Prompt: Your task is to reproduce exactly the lines from the one containing "Унисекс<br>Возраст: Детский<br>SKU: 3946127" through the last line below, both ends included, and nothing else, with no pictures.

Given information:
----------
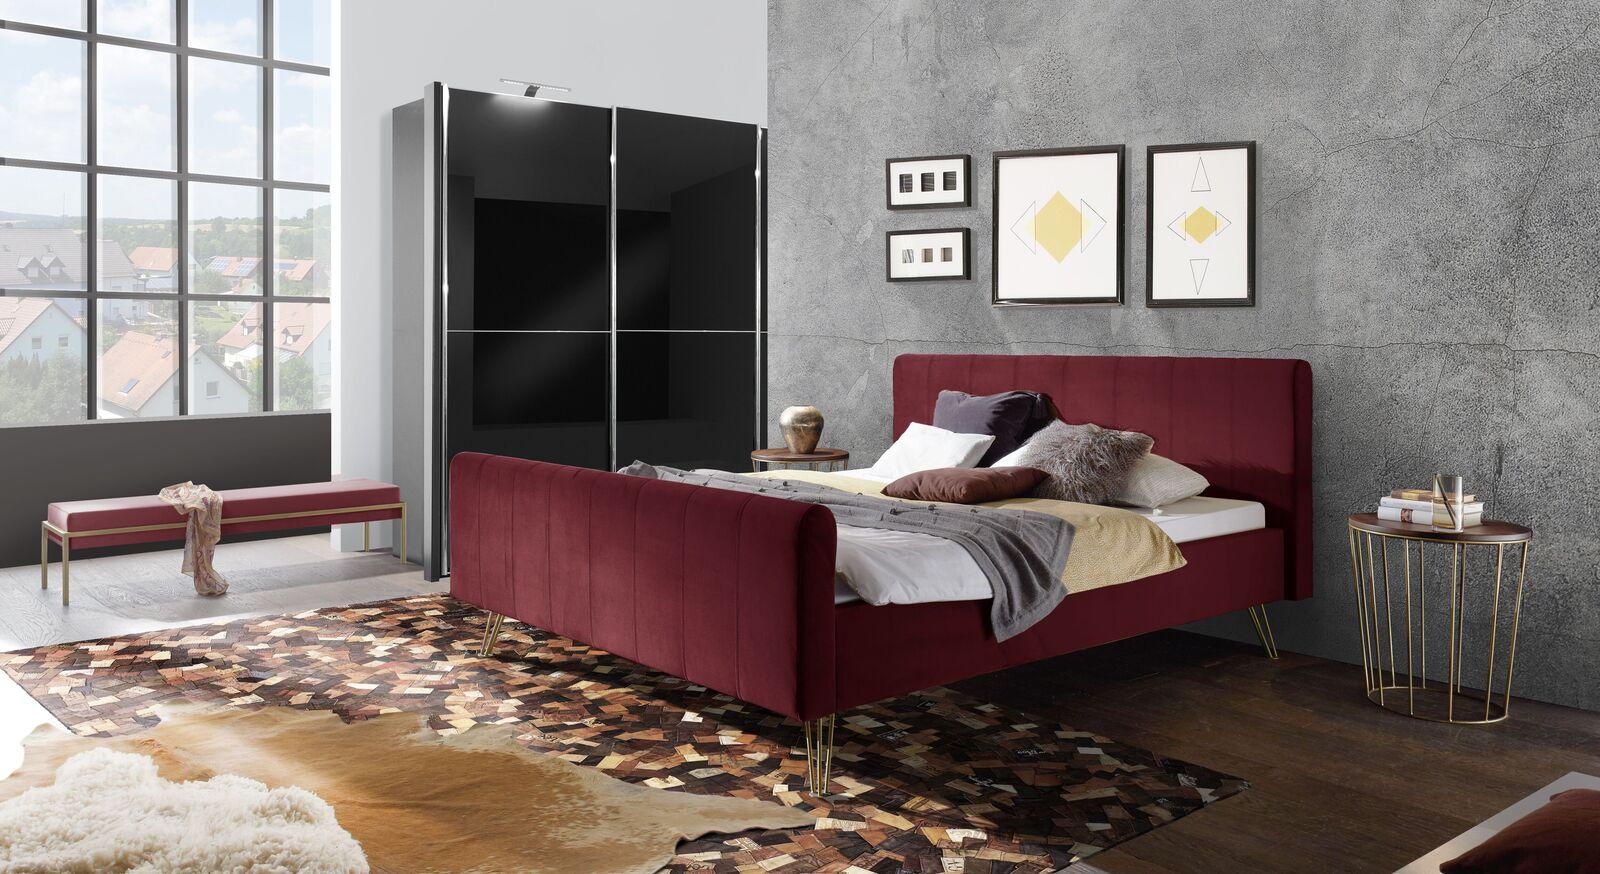 Bett Celica mit passender Schlafzimmer-Ausstattung
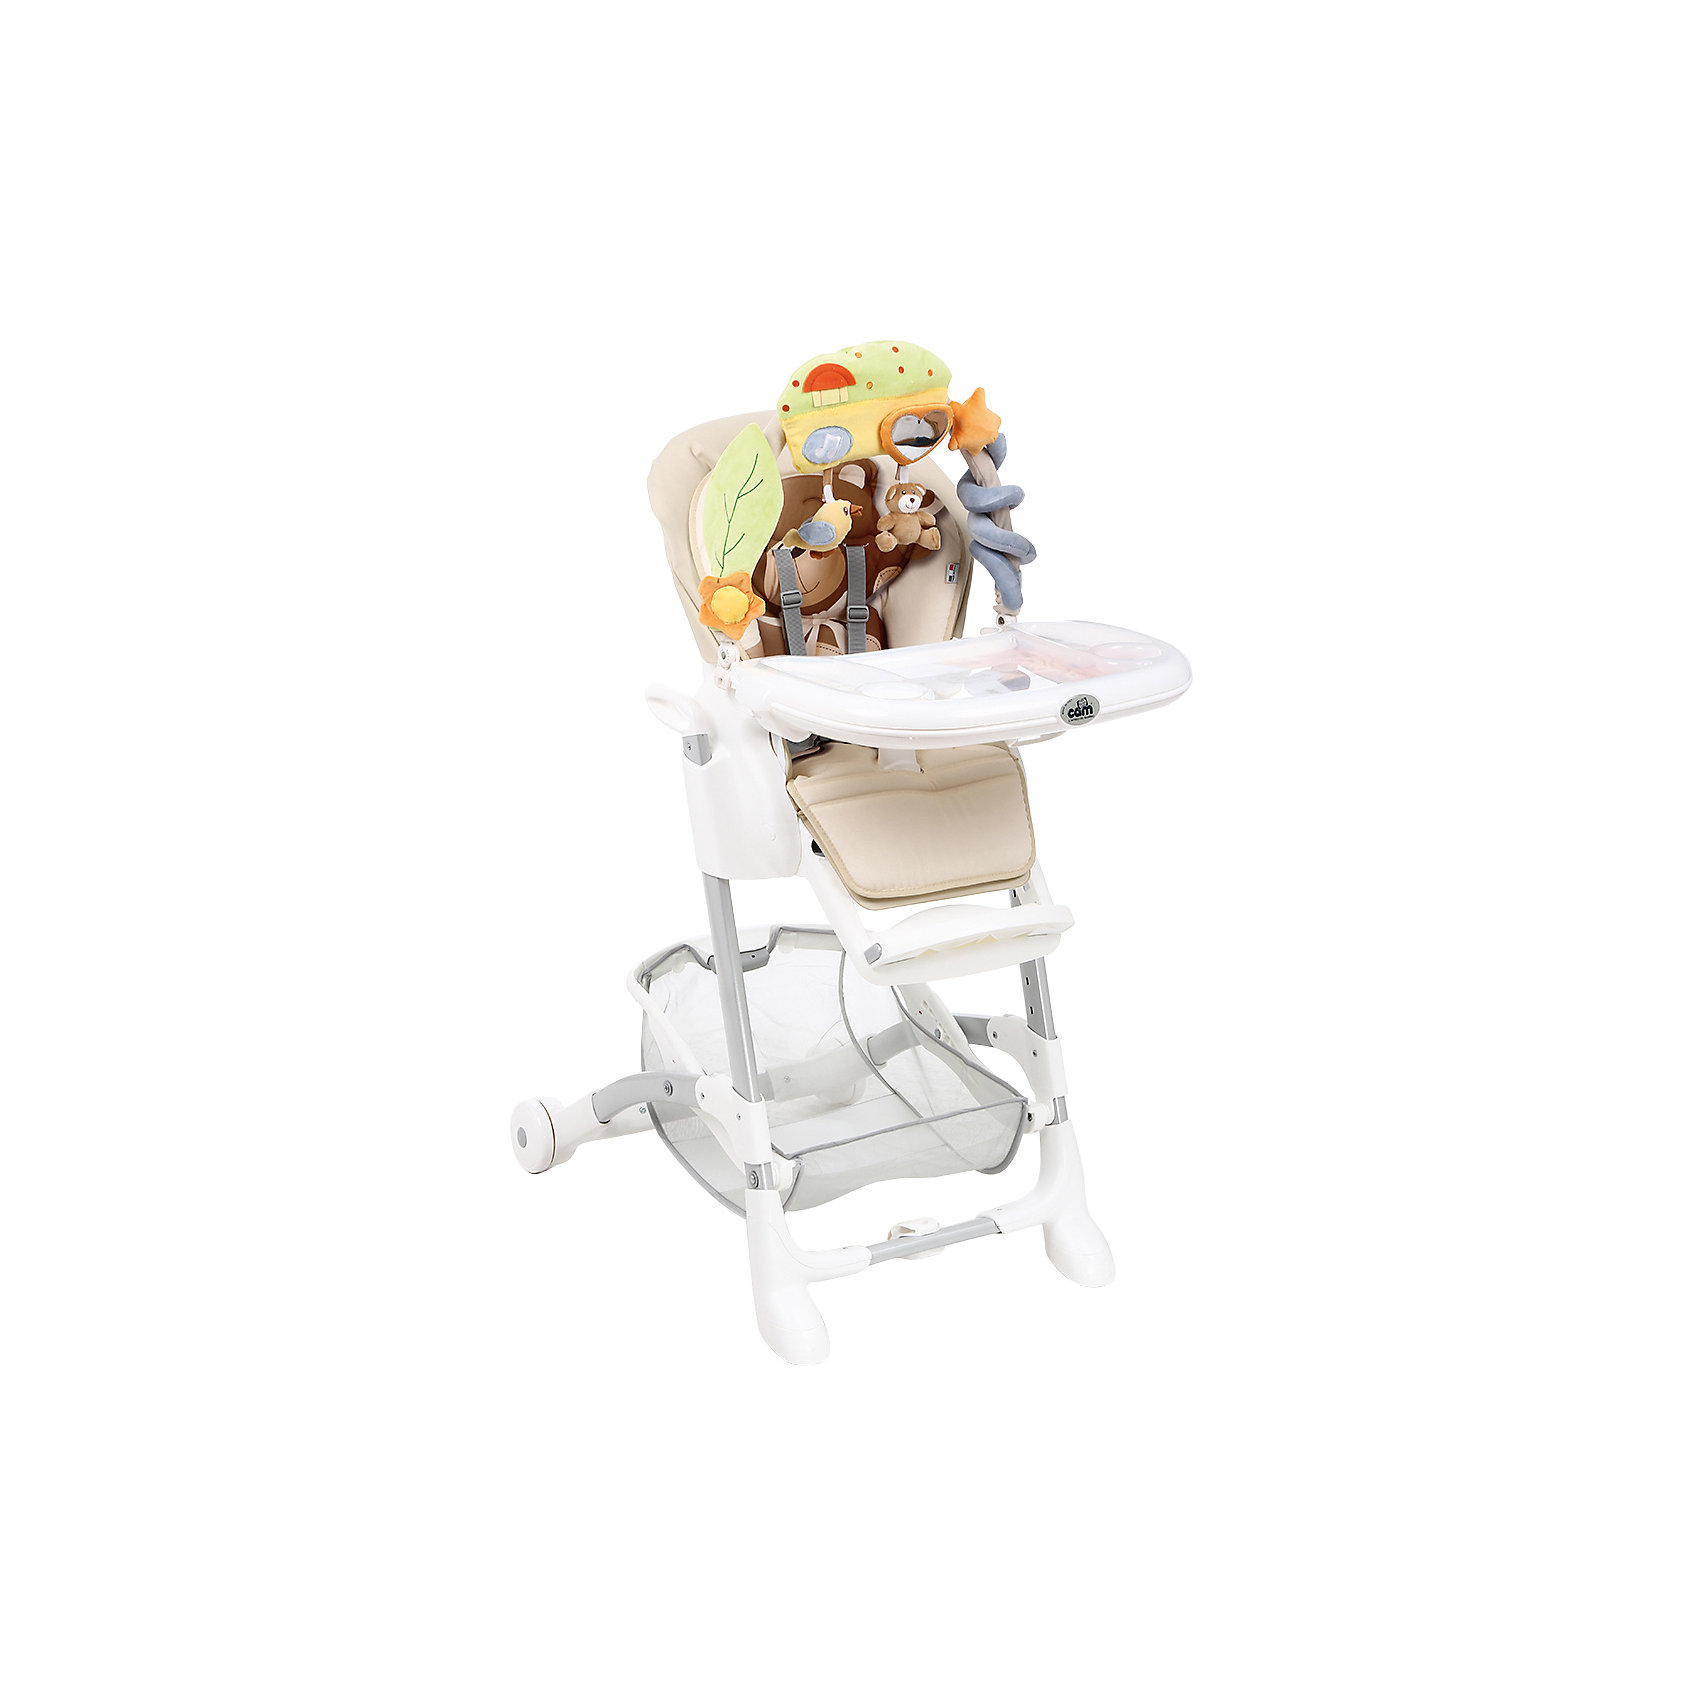 Стульчик для кормления Istante, CAM, бежевый с медвежонкомСтульчики для кормления<br>Стульчик для кормления Istante, CAM, бежевый с медвежонком обеспечивает удобство при кормлении.<br>Очень компактный и легкий стул создает максимальный комфорт для ребенка. Он регулируется: наклон спинки (4 режима), положение и высота опоры для ног (3 режима), регулировка высоты стула (7 режимов). Поднос можно снять, он также регулируется в 4 режимах. Кроме того, у стульчика чехол из искусственной кожи, который можно снять и легко помыть. Два колеса спереди обеспечивают удобное перемещение, но не скользят от движений ребенка. Для безопасности ребенка 5-точечный ремень безопасности. Есть отделение, в котором можно хранить продукты. Также есть крепление для игрушек, которым можно занять малыша, пока готовится обед. Оно легко «откидывается» назад, когда пришло время кушать. <br><br>Дополнительная информация:<br><br>- размер в открытом виде: 62х84х109 см<br>- размер в сложенном виде: 56х35х99.5см<br>- возрастная группа: от 0 месяцев<br>- цвет: бежевый<br>- в комплекте: 2 подноса<br><br>Стульчик для кормления Istante, CAM, бежевый с медвежонком бежевый можно купить в нашем интернет магазине.<br><br>Ширина мм: 587<br>Глубина мм: 272<br>Высота мм: 970<br>Вес г: 12500<br>Возраст от месяцев: 0<br>Возраст до месяцев: 36<br>Пол: Унисекс<br>Возраст: Детский<br>SKU: 3946127
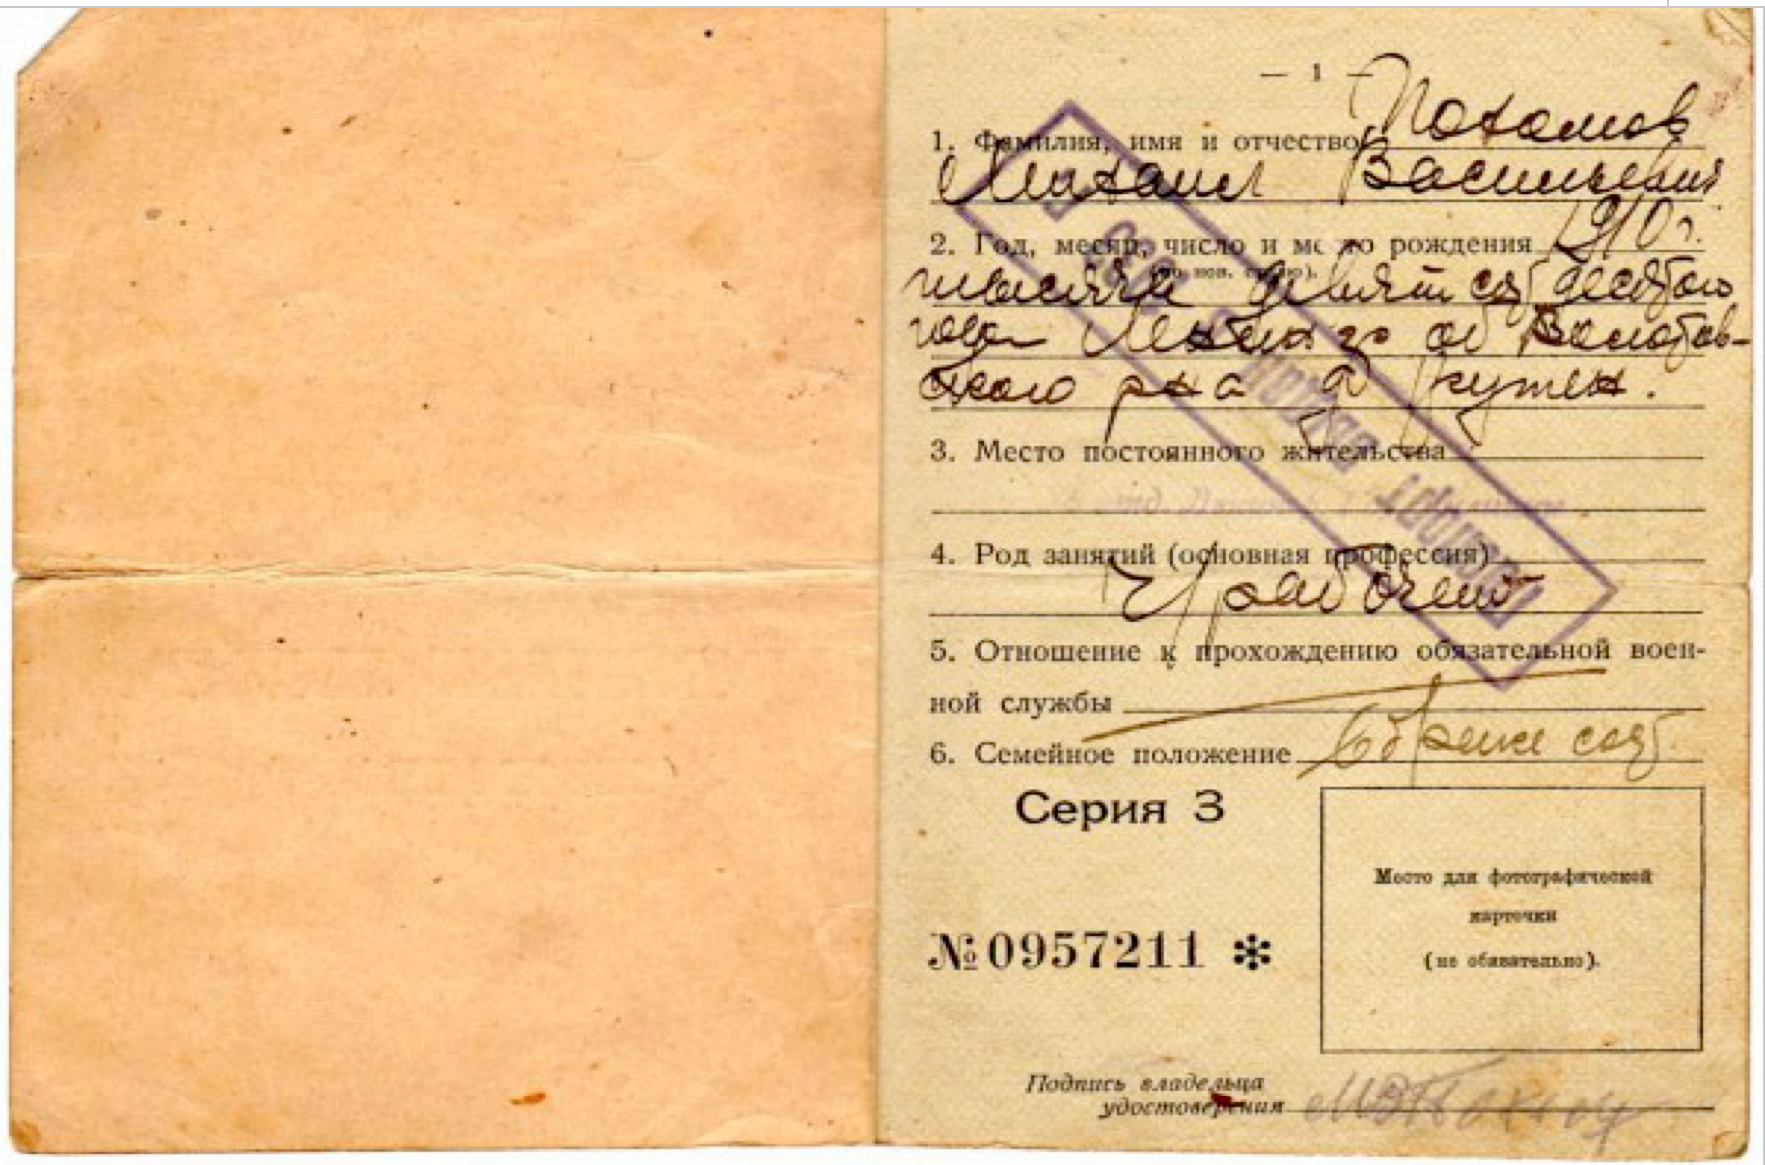 удостоверение личности крестьянина3
----------
Response to this exercise:
 Стульчик для кормления Istante, CAM, бежевый с медвежонкомСтульчики для кормления<br>Стульчик для кормления Istante, CAM, бежевый с медвежонком обеспечивает удобство при кормлении.<br>Очень компактный и легкий стул создает максимальный комфорт для ребенка. Он регулируется: наклон спинки (4 режима), положение и высота опоры для ног (3 режима), регулировка высоты стула (7 режимов). Поднос можно снять, он также регулируется в 4 режимах. Кроме того, у стульчика чехол из искусственной кожи, который можно снять и легко помыть. Два колеса спереди обеспечивают удобное перемещение, но не скользят от движений ребенка. Для безопасности ребенка 5-точечный ремень безопасности. Есть отделение, в котором можно хранить продукты. Также есть крепление для игрушек, которым можно занять малыша, пока готовится обед. Оно легко «откидывается» назад, когда пришло время кушать. <br><br>Дополнительная информация:<br><br>- размер в открытом виде: 62х84х109 см<br>- размер в сложенном виде: 56х35х99.5см<br>- возрастная группа: от 0 месяцев<br>- цвет: бежевый<br>- в комплекте: 2 подноса<br><br>Стульчик для кормления Istante, CAM, бежевый с медвежонком бежевый можно купить в нашем интернет магазине.<br><br>Ширина мм: 587<br>Глубина мм: 272<br>Высота мм: 970<br>Вес г: 12500<br>Возраст от месяцев: 0<br>Возраст до месяцев: 36<br>Пол: Унисекс<br>Возраст: Детский<br>SKU: 3946127
 удостоверение личности крестьянина3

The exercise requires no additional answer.